I Aim at the Stars is a 1960 biographical film which tells the story of the life of Wernher von Braun. The film covers his life from his early days in Germany, through Peenemünde, until his work with the U.S. Army, NASA, and the American space program.

The film stars Curt Jürgens, Victoria Shaw, Herbert Lom, Gia Scala, and James Daly.

The film was written by Jay Dratler based on a story by George Froeschel, H. W. John, and Udo Wolter. It was directed by J. Lee Thompson.

It was shot at the Bavaria Studios in Munich, with sets designed by the art director Hans Berthel.

The film was premiered in Munich on 19 August 1960; it subsequently opened in New York City and Los Angeles on 19 October and London on 24 November. In Germany the film was titled Ich greife nach den Sternen ("I Reach for the Stars"). In Italy the film was released as Alla Conquista dell' Infinito.

Satirist Mort Sahl and others are often credited with suggesting the subtitle "(But Sometimes I Hit London)", but in fact the line appears in the film itself, spoken by actor James Daly, who plays the cynical American press officer.

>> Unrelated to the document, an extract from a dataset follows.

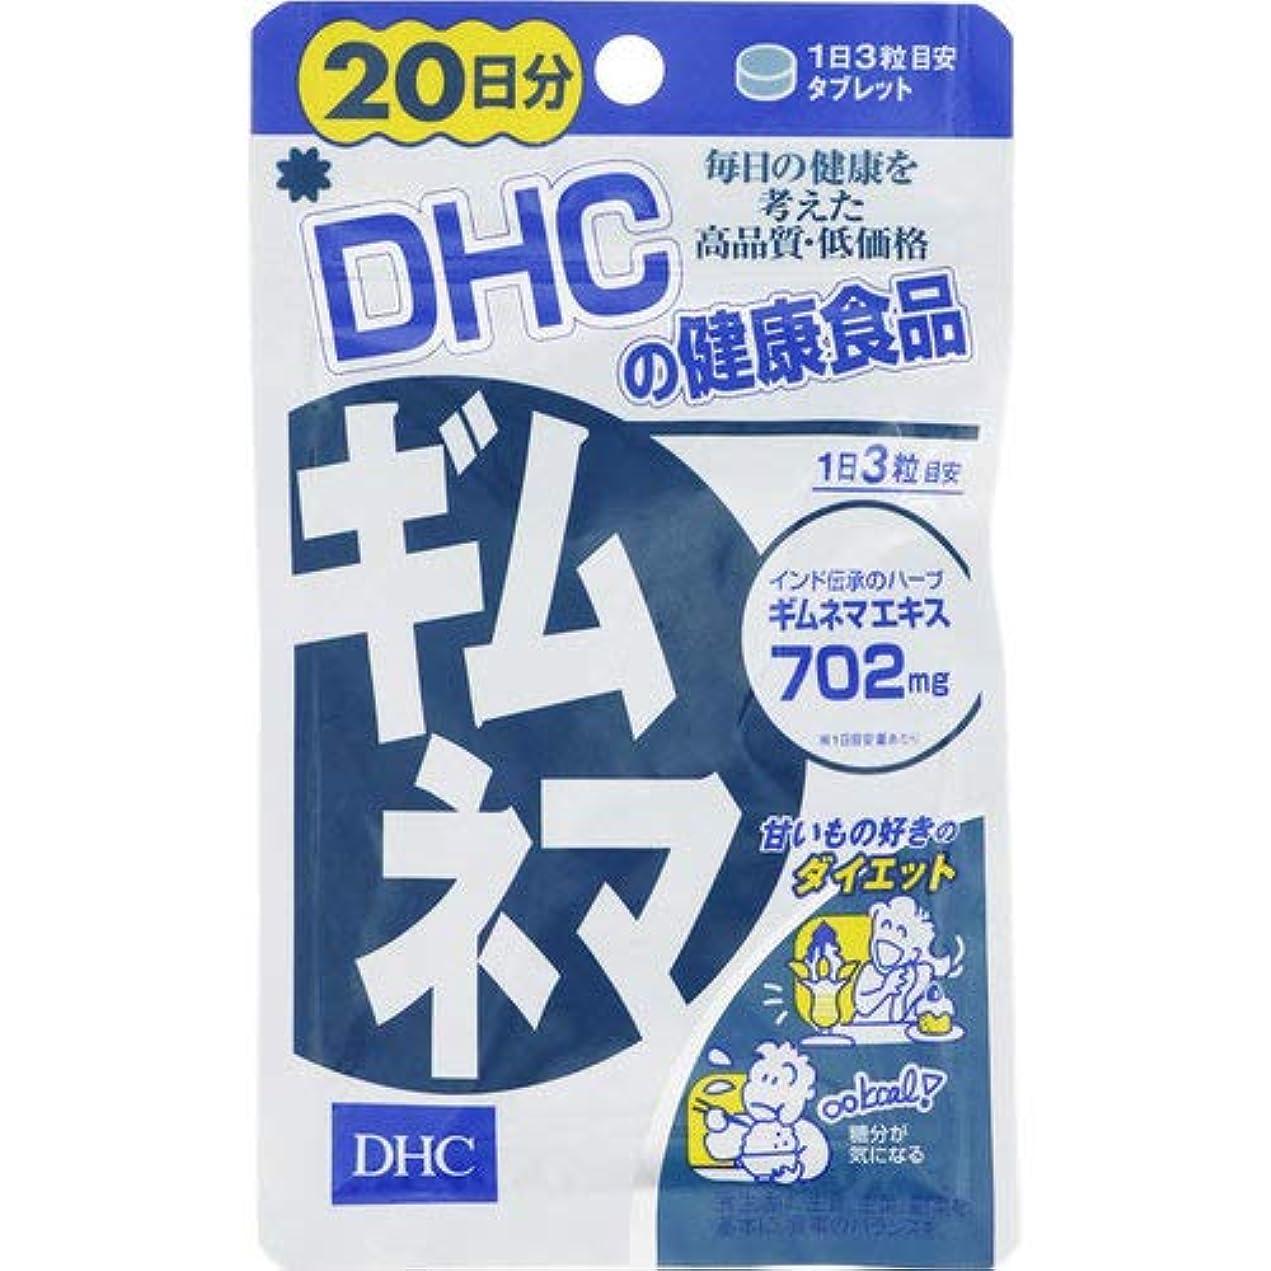 ホイール知るヨーグルト【DHC】ギムネマ 20日分 (60粒)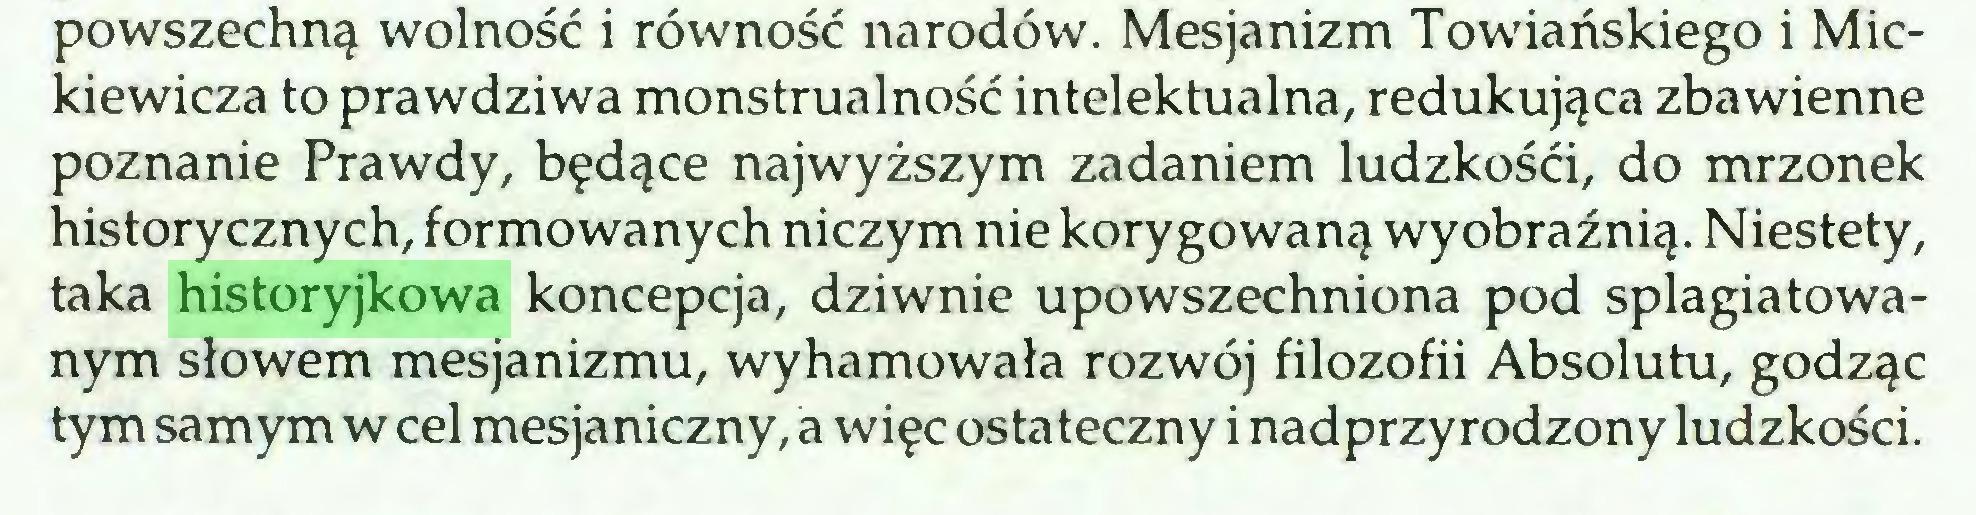 (...) powszechną wolność i równość narodów. Mesjanizm Towiańskiego i Mickiewicza to prawdziwa monstrualność intelektualna, redukująca zbawienne poznanie Prawdy, będące najwyższym zadaniem ludzkości, do mrzonek historycznych, formowanych niczym nie korygowaną wyobraźnią. Niestety, taka historyjkowa koncepcja, dziwnie upowszechniona pod splagiatowanym słowem mesjanizmu, wyhamowała rozwój filozofii Absolutu, godząc tym samym w cel mesjaniczny, a więc ostateczny i nadprzyrodzony ludzkości...

Dell published a comic book adaptation of the film with art by Jack Sparling as Four Color #1148 (October 1960).

Plot

Cast
 Curd Jürgens as Wernher von Braun 
 Victoria Shaw as Maria von Braun 
 Herbert Lom as Anton Reger 
 Gia Scala as Elizabeth Beyer 
 James Daly as U.S. Major William Taggert 
 Adrian Hoven as Mischke 
 Gerard Heinz as Professor Oberth 
 Karel Stepanek as Captain Dornberger 
 Peter Capell as Dr. Neumann 
 Hayden Rorke as U.S. Army Major 
 Austin Willis as U.S. General John B. Medaris 
 Alan Gifford as U.S. Army Colonel 
 Helmo Kindermann as General Kulp 
 Lea Seidl as Baroness von Braun 
 John Crawford as Dr. Bosco - White Sands, New Mexico

Production
Filming started in Munich in October 1959. Thompson said shortly before filming that "Many Britons feel Von Braun should have stood trial as a war criminal and no sooner did I sign to direct the biopic when a sizable section of the press advised, 'This motion picture should not be made. He added that "The U-S ... didn't hesitate a moment when Von Braun surrendered. They put him to work. Can rejection of a great brain be justified? Current examples of this dilemma are not wanting. And though I oppose rejection, in 'Stars' we will let the public decide for itself."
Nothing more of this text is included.